Top of DATA EXTRACT

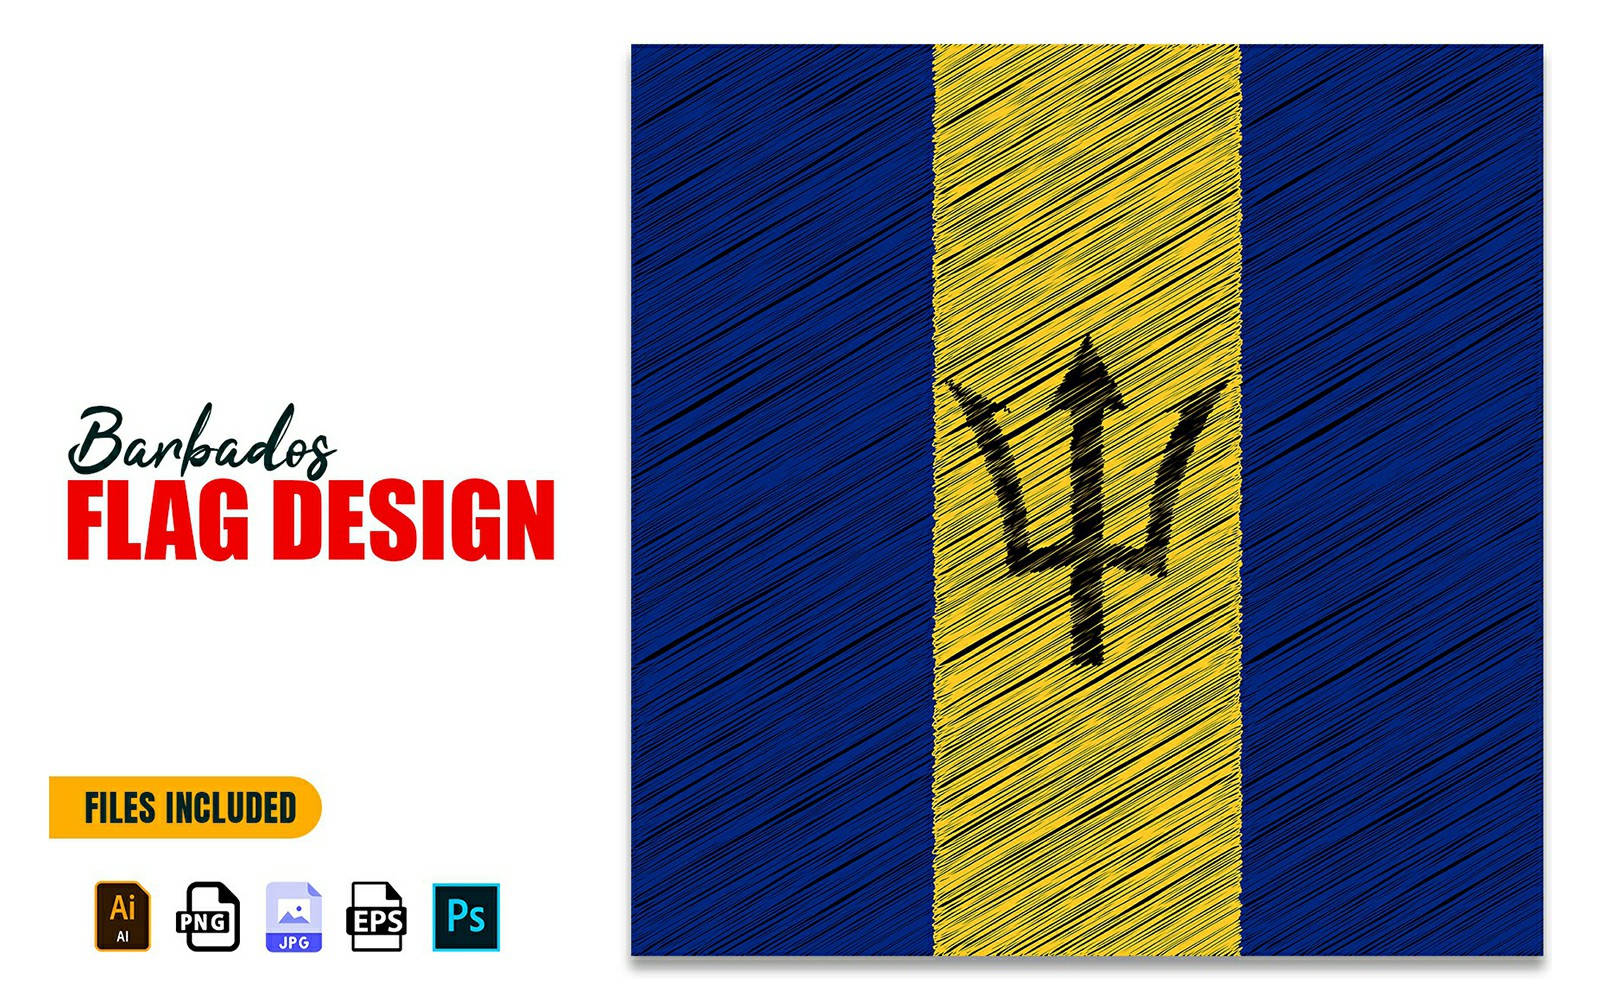 30 November Barbados Independence Day Flag Design Illustration
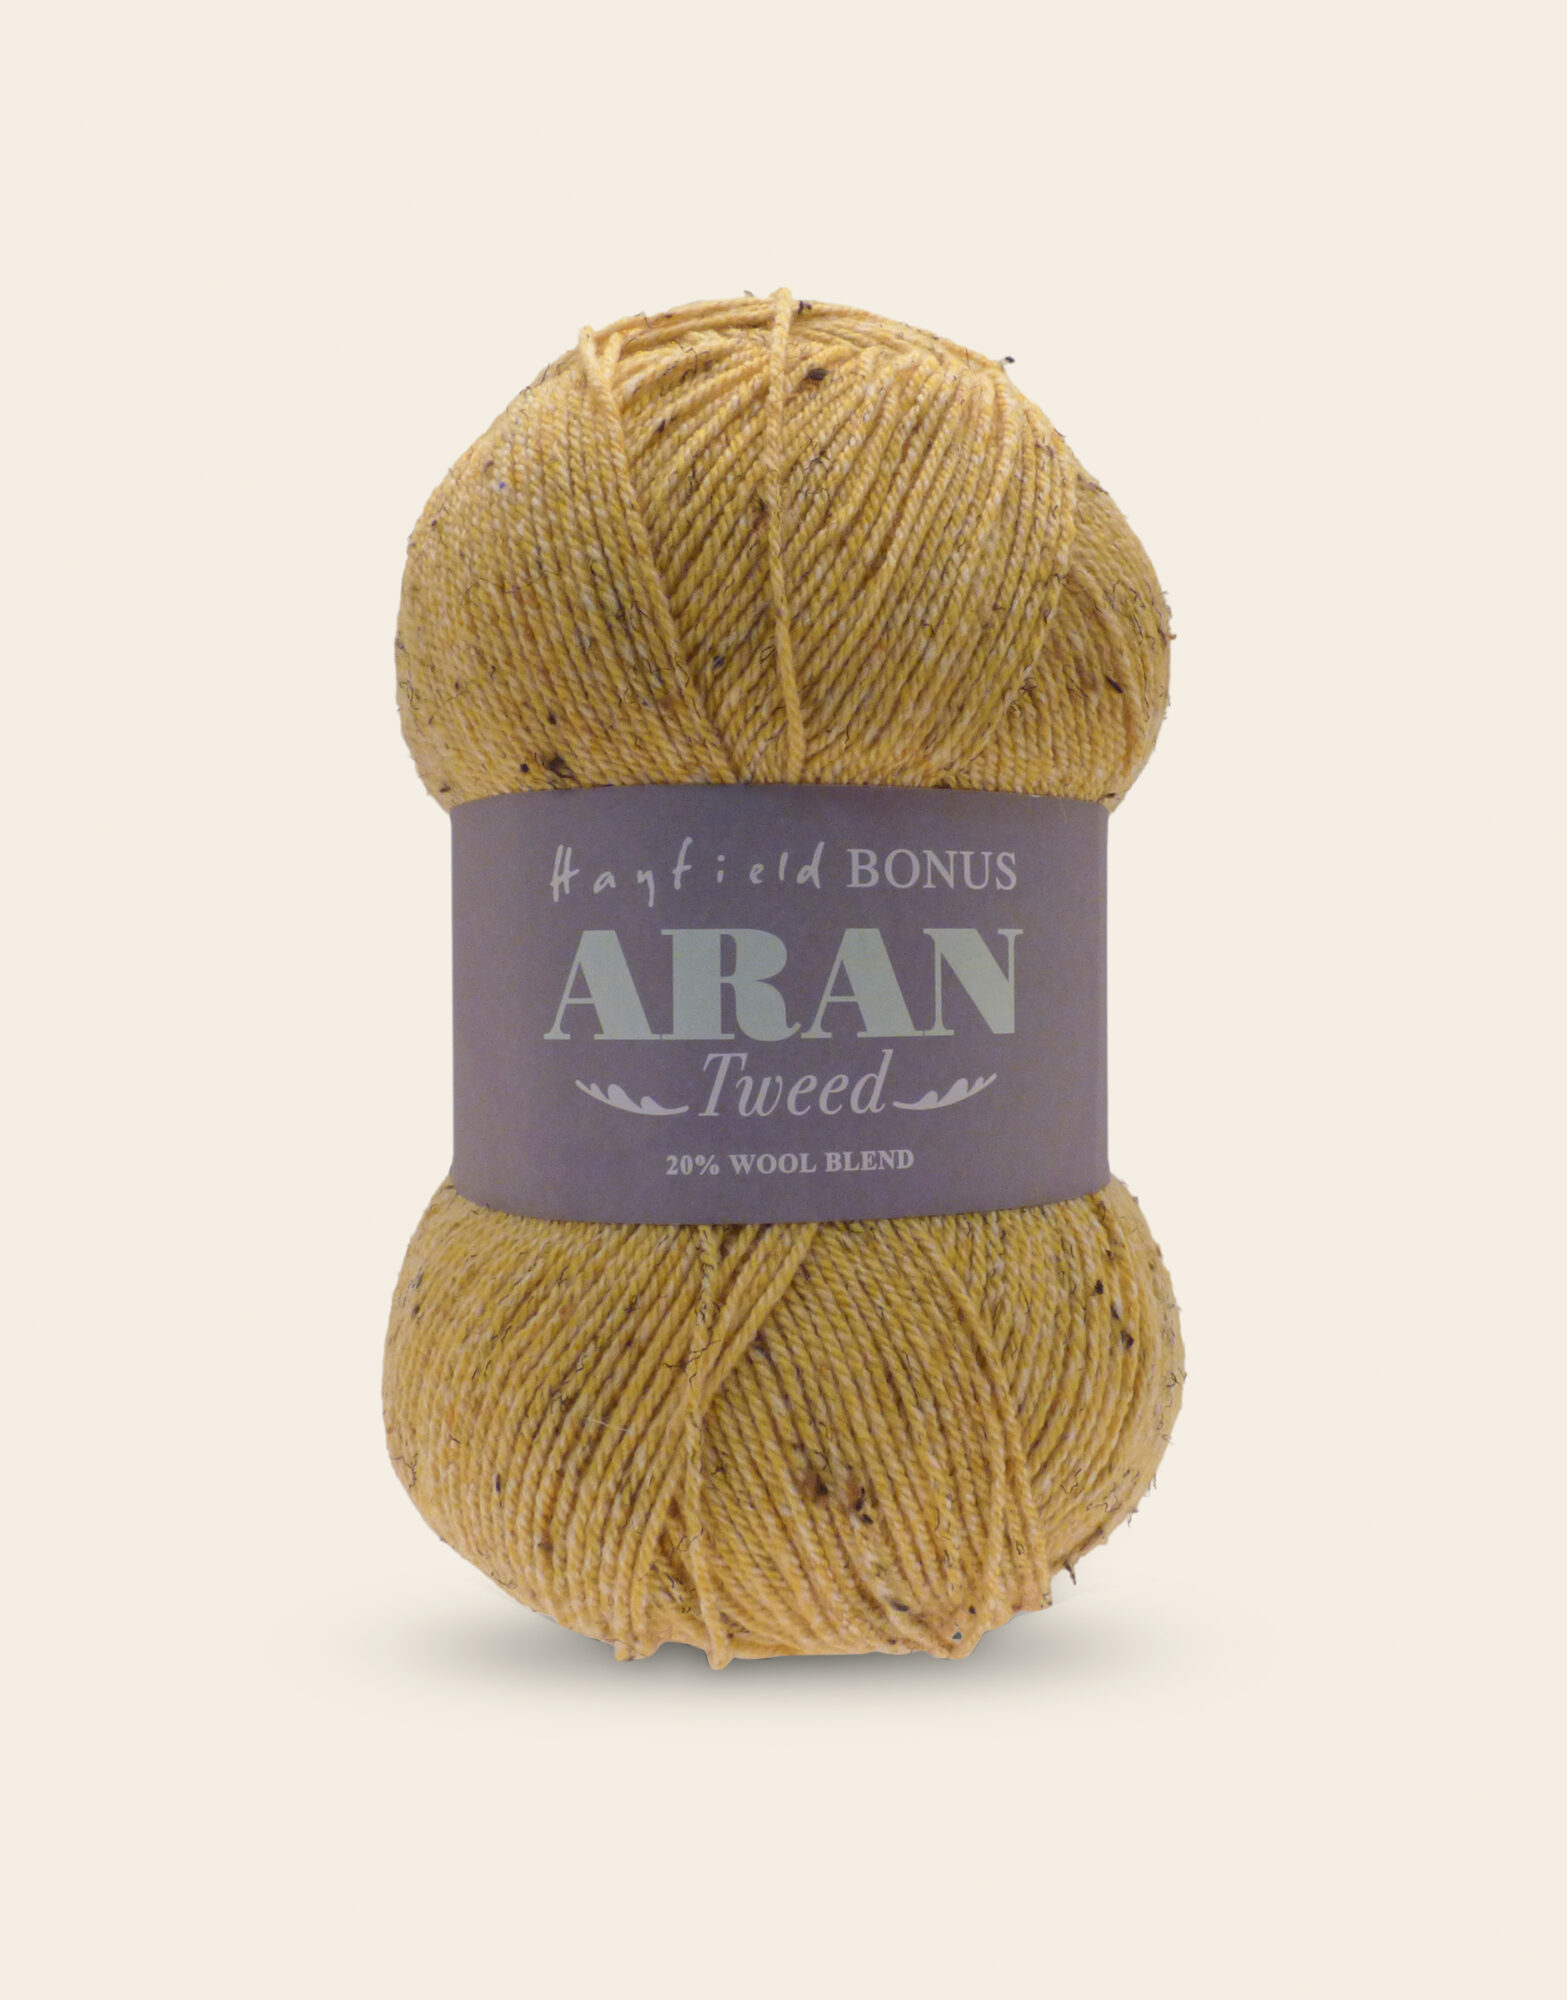 hayfield-bonus-tweed-aran-with-wool
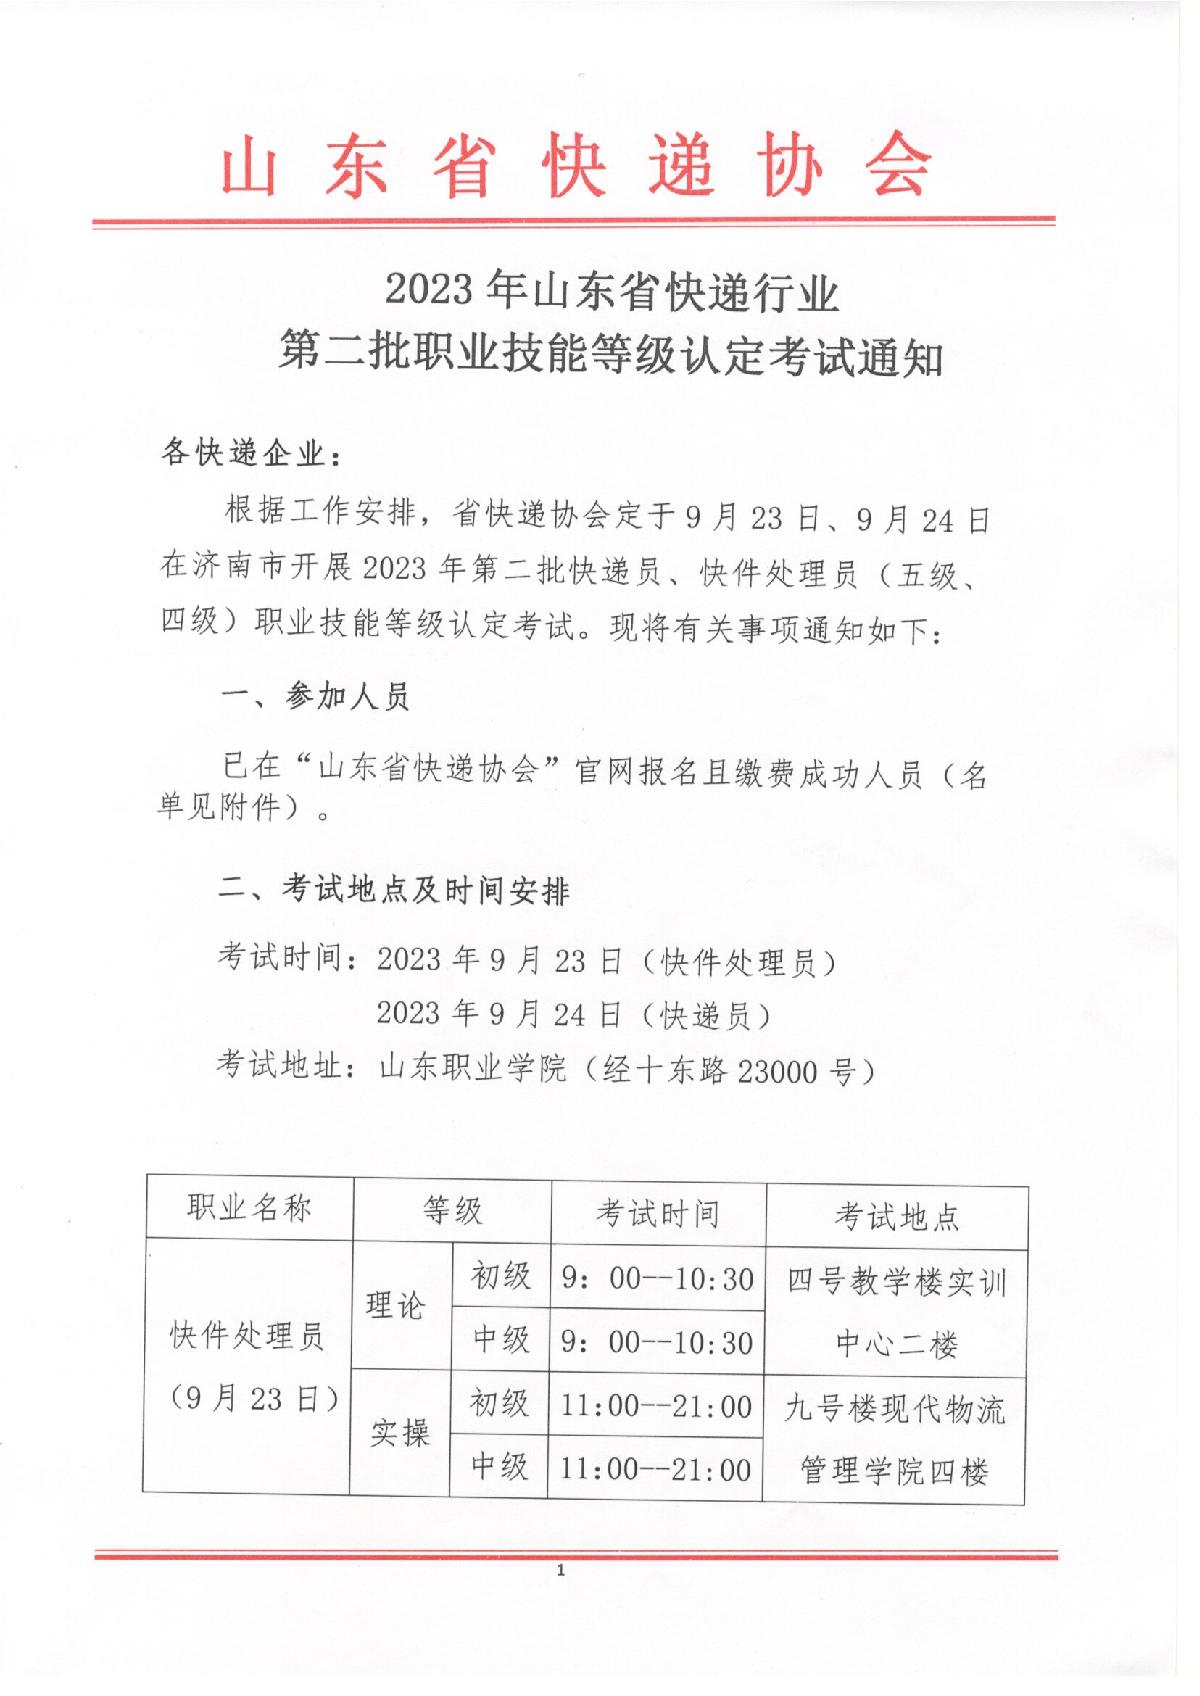 2023年山东省快递行业第二批职业技能等级认定考试通知_1.JPG

Bottom of DATA EXTRACT

▸ TASK ITEM: Everything above except the pictures must be restated exactly.

▸ RESPONSE AREA:
 30 November Barbados Independence Day Flag Design Illustration
 hayfield-bonus-tweed-aran-with-wool
 2023年山东省快递行业第二批职业技能等级认定考试通知_1.JPG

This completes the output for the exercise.